# pin removal techniques?



## glorycloud (Aug 6, 2010)

I have some interesting CPU's with nice gold tops that were
desoldered from a board and the pins got messed up. I want
to "loose" the pins but keep the beauty of the CPU intact
for aesthetic reasons. I don't want the bottom to look like
hell when I am done and I prefer the bottom to be smooth
without jagged edges to snag on things. 8) 

I am looking for suggestions on the best way to do that.
Propane torch maybe? If I soak them in HCL to get the pins
loose I am afraid it will mess up the chips. 

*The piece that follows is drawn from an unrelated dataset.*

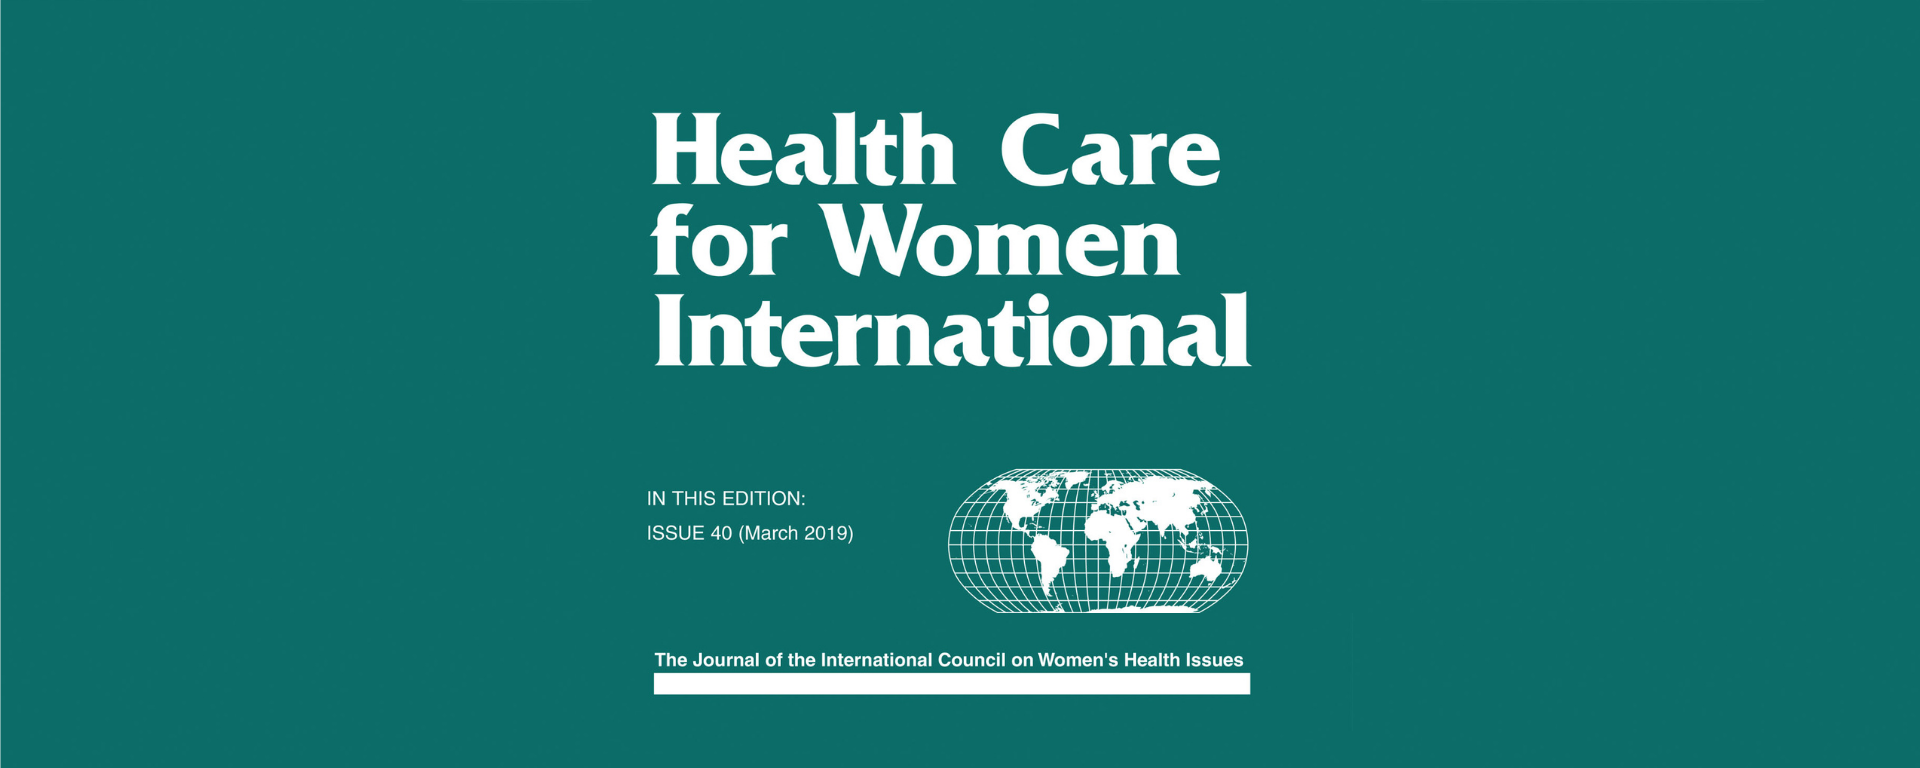 Revista Health Care for Women International

I also may or may not want to process the pins for their gold content.
I will probably just offer then up for sale here and let one of you guys
have fun. 

I appreciate your thoughts and input!!


----------



## lazersteve (Aug 6, 2010)

Mask the tops off with acid resistant tape and process the legs off in AP or 35% HNO3.

Steve


----------



## glorycloud (Aug 6, 2010)

After their "bath" would a good water wash for the CPU's get
the acid off the bottoms and make them OK to handle Steve?


----------



## lazersteve (Aug 6, 2010)

glorycloud said:


> After their "bath" would a good water wash for the CPU's get
> the acid off the bottoms and make them OK to handle Steve?



Yes. If you need some good acid proof tape like the pro's use, let me know.

Steve


----------